An advisor may receive fees or commission if new contributions to the transferred funds are made.
My first RA matured recently. The advisor who sold it to me received his commission all along, despite the fact that I have not seen or spoken to him in over 30 years.
Despite having been in the industry for 37 years, I elected to make use of an advisor to assist me in transferring my funds to what I regarded as a better fund. I did this for two reasons:
- I do not have the required knowledge of the markets to the extent that I can determine where to place my retirement savings, given my age and risk profile.
- Knowing just how much some product providers do to try and discourage clients from transferring their funds, I was quite happy to pay a measly 0.5% to an advisor to handle all of this on my behalf.
I fail to see why an advisor should not be remunerated for these services – it is an entirely new advice process, and the General Code of Conduct places a huge demand on the advisor to comply with all its requirements.
Then there is the intermediary services which take up an enormous amount of time, both from a legal perspective, and from attempts by some providers to delay the process which allows them to keep the funds under management for as long as possible. It appears that the Regulator is aware of this, as highlighted above:
…a retirement annuity fund shall not prohibit the transfer of business … from one retirement annuity fund to another.
No further mention is made of this in the draft circular, however.
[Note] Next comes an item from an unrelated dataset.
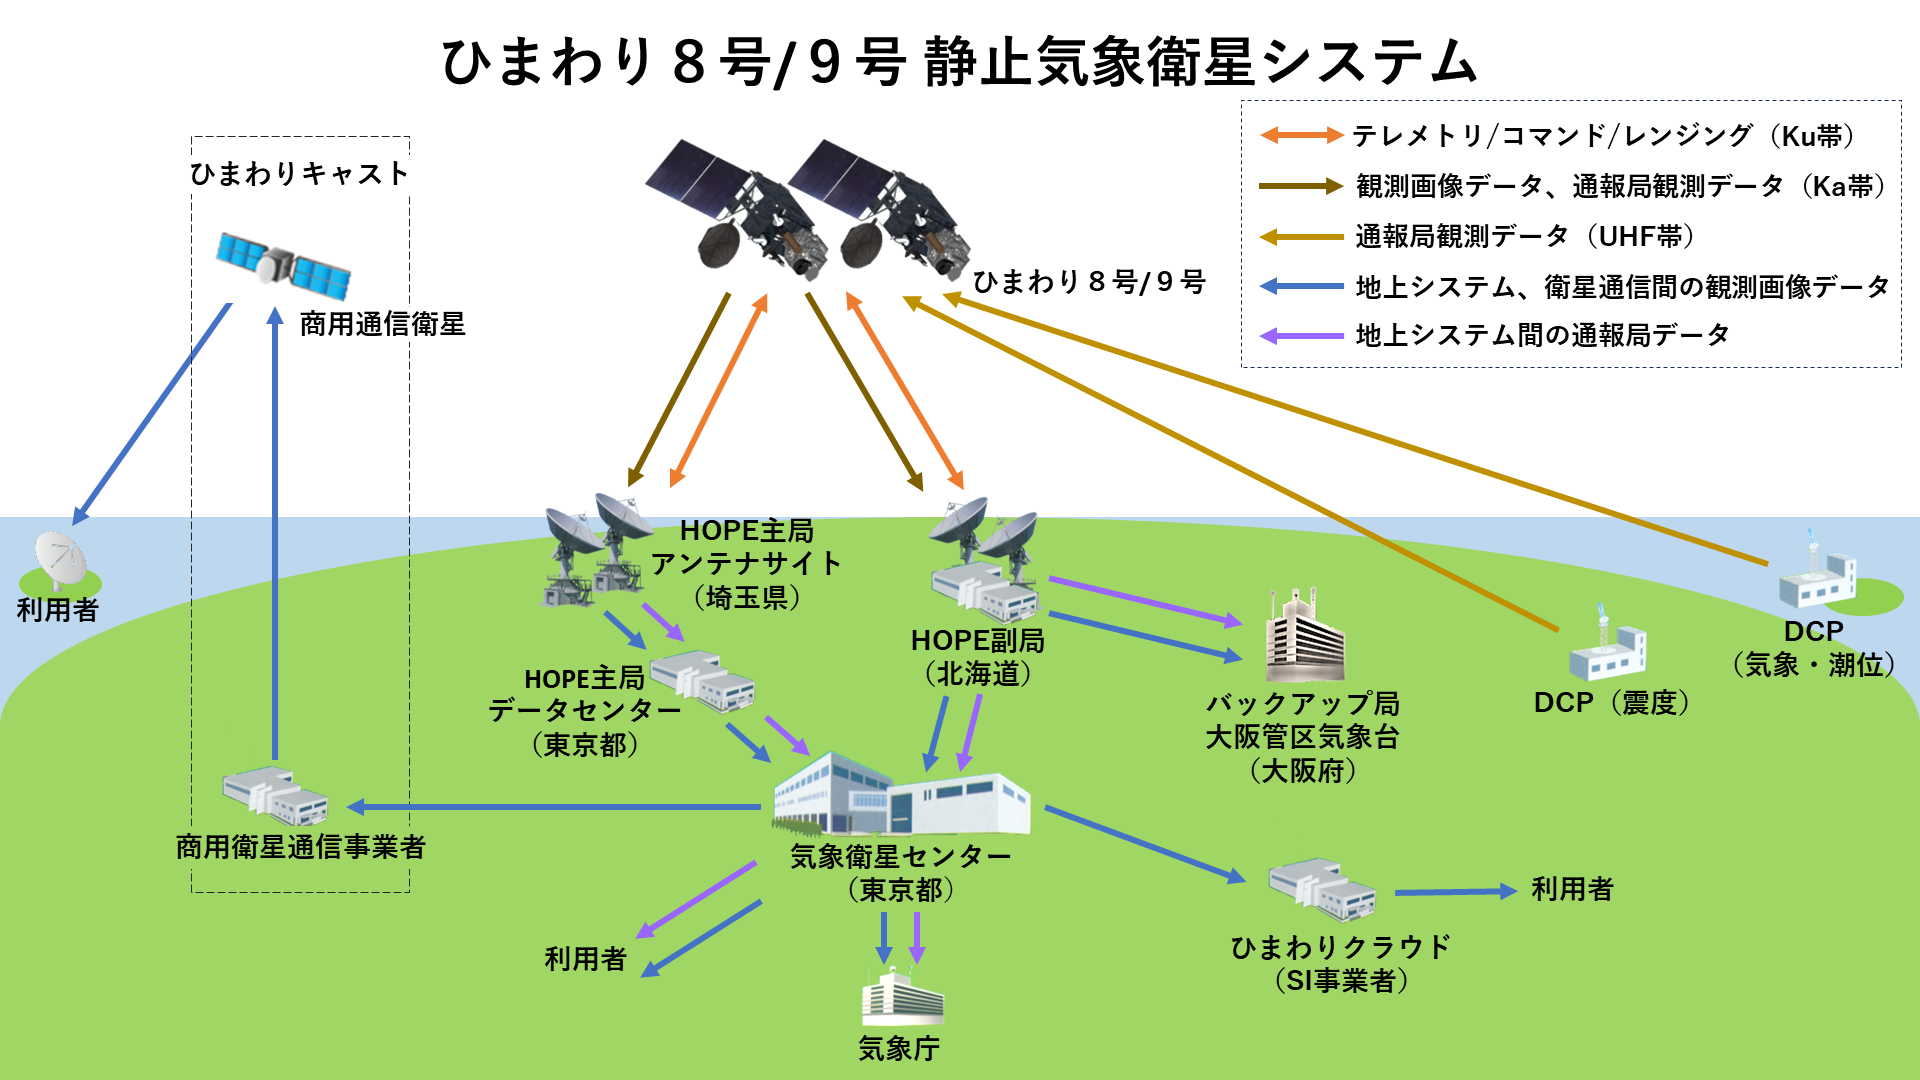 ひまわり8号/9号 静止気象衛星システム全体構成図
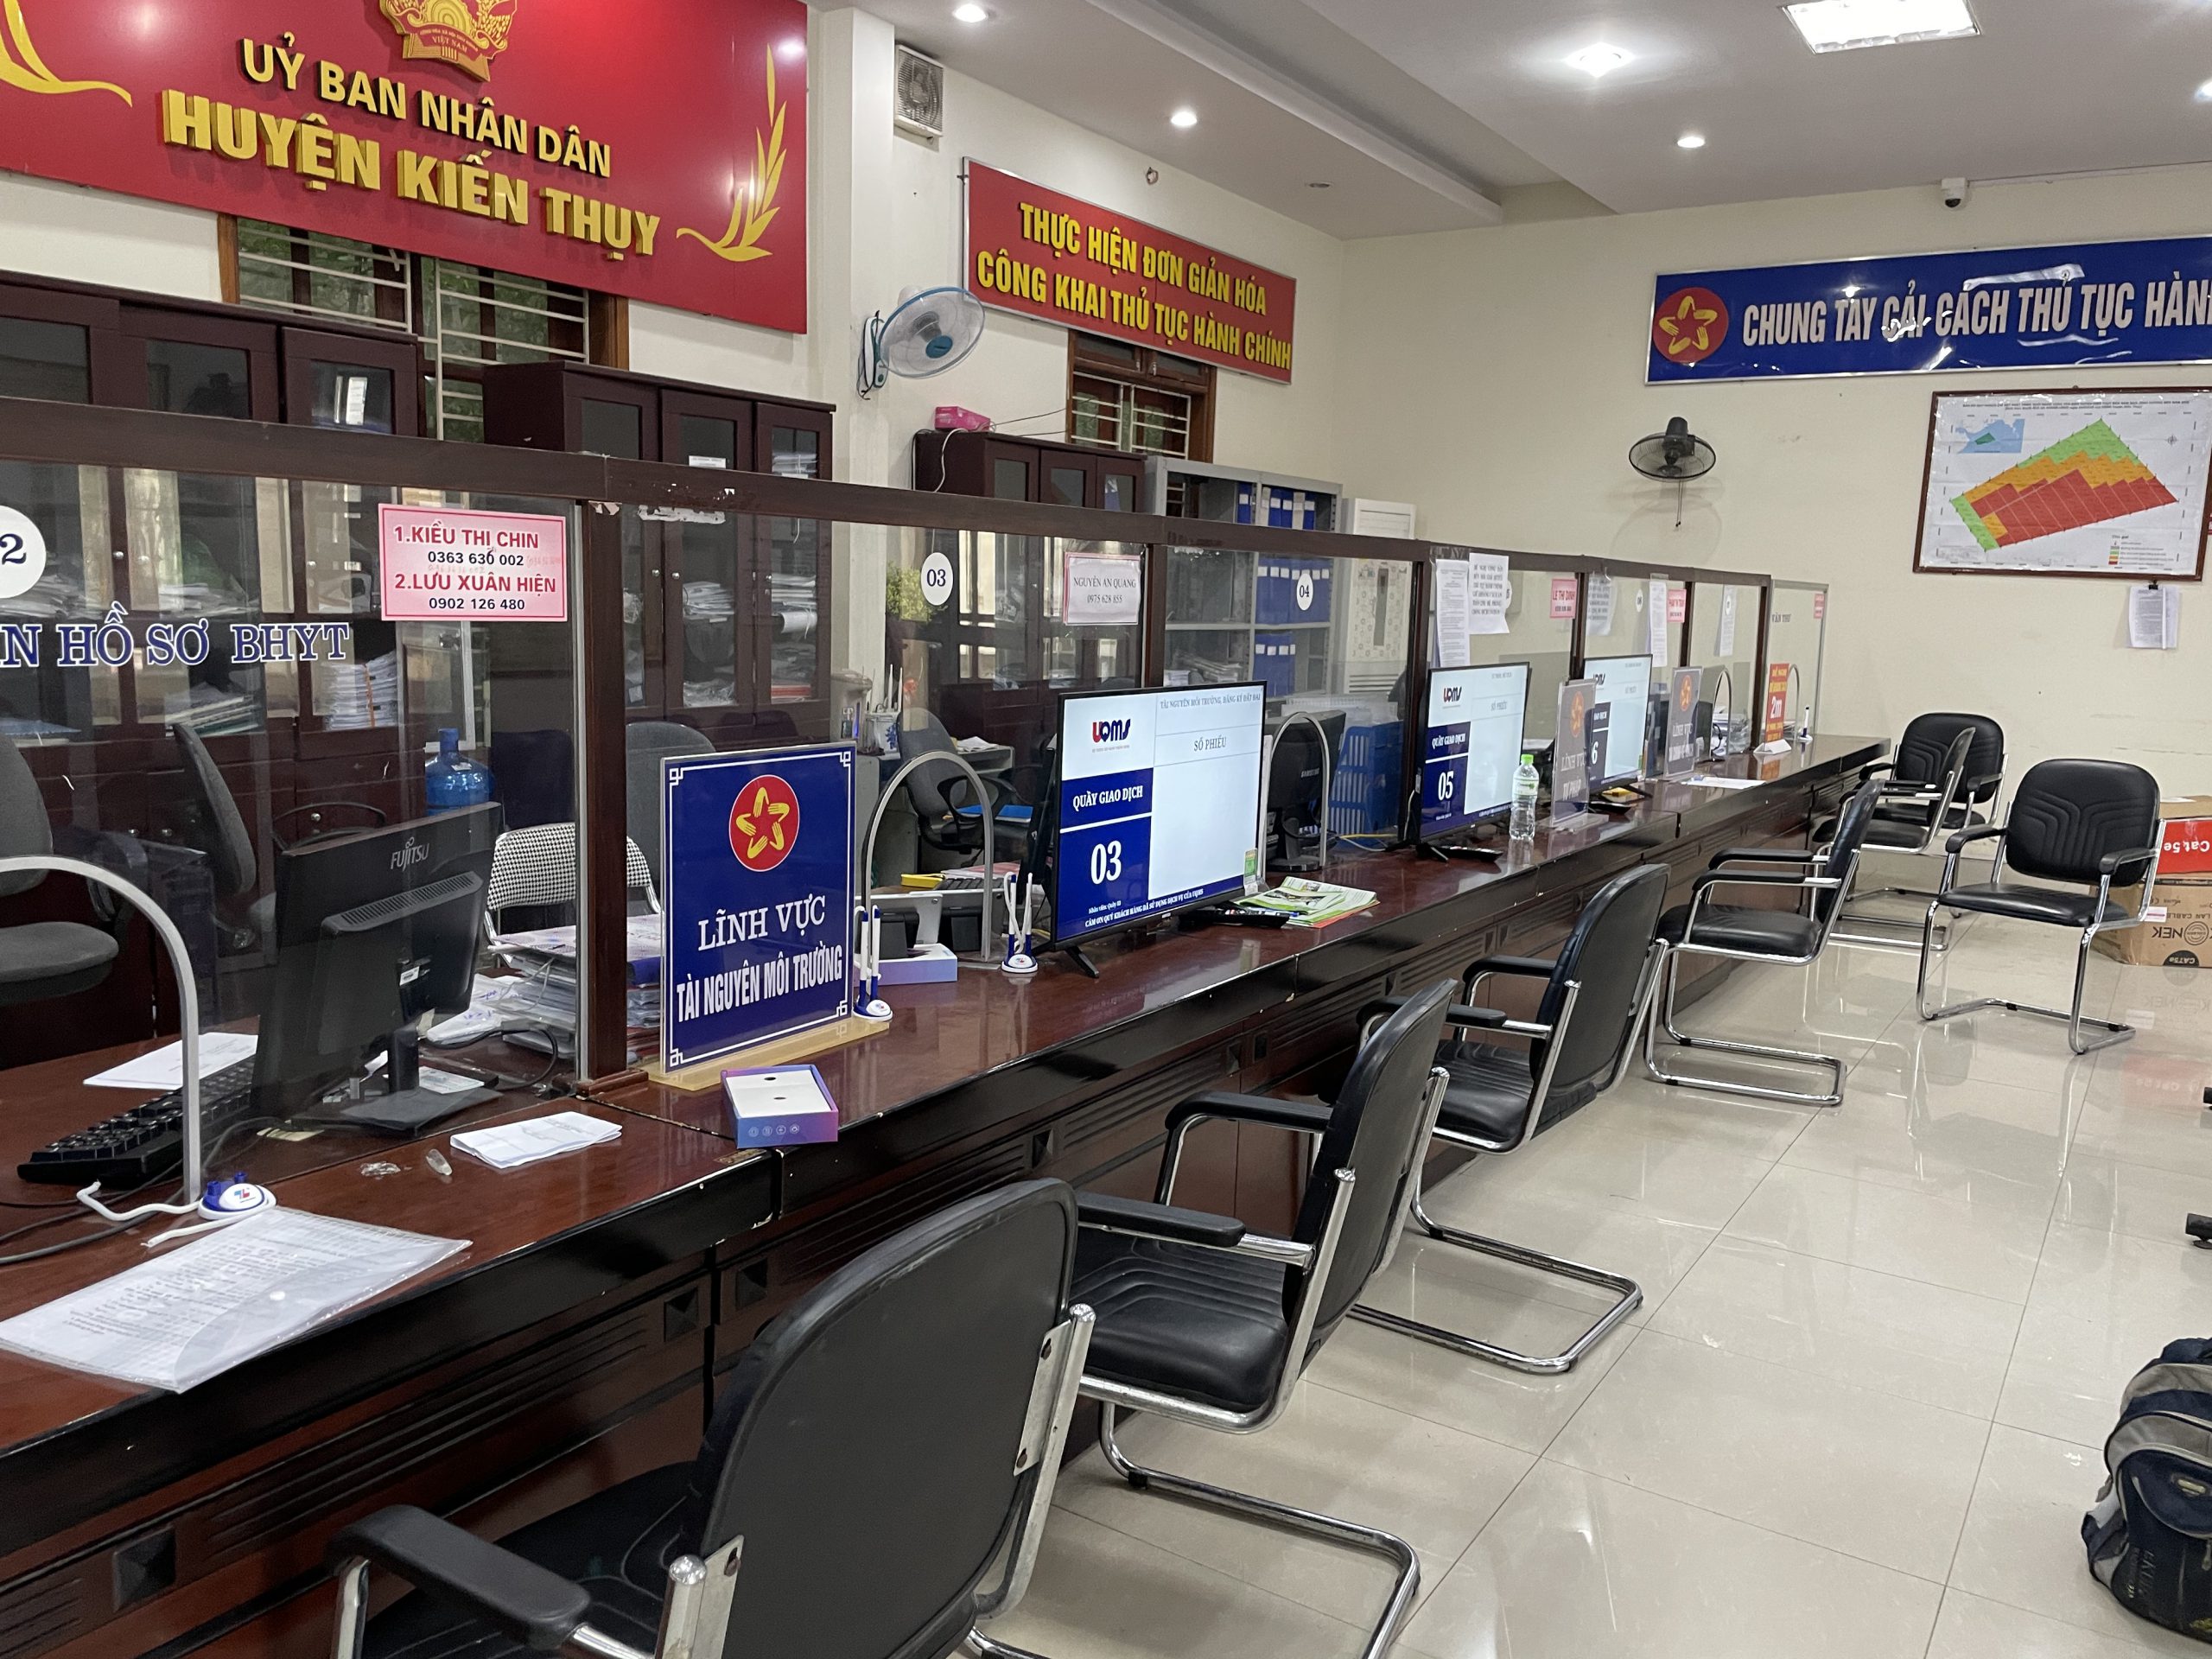 Hệ thống lấy số tự động uQMS huyện Kiến Thuỵ, Hải Phòng

It appears that, if these proposals are to be implemented, advisors would be expected to provide this service without remuneration, yet make their expertise and time available to the client. They would also be exposed to the risk of “not acting with due care and diligence”.
The proposals of the Retail Distribution Review (RDR) are due for publication in May. This is, in my view, the forum to address this issue.
A number of industry bodies provided input to these proposals prior to the deadline for comment. One can only pray that a practical outcome will be achieved.
If not, the biggest loser in the process will be the very client who is supposed to be protected.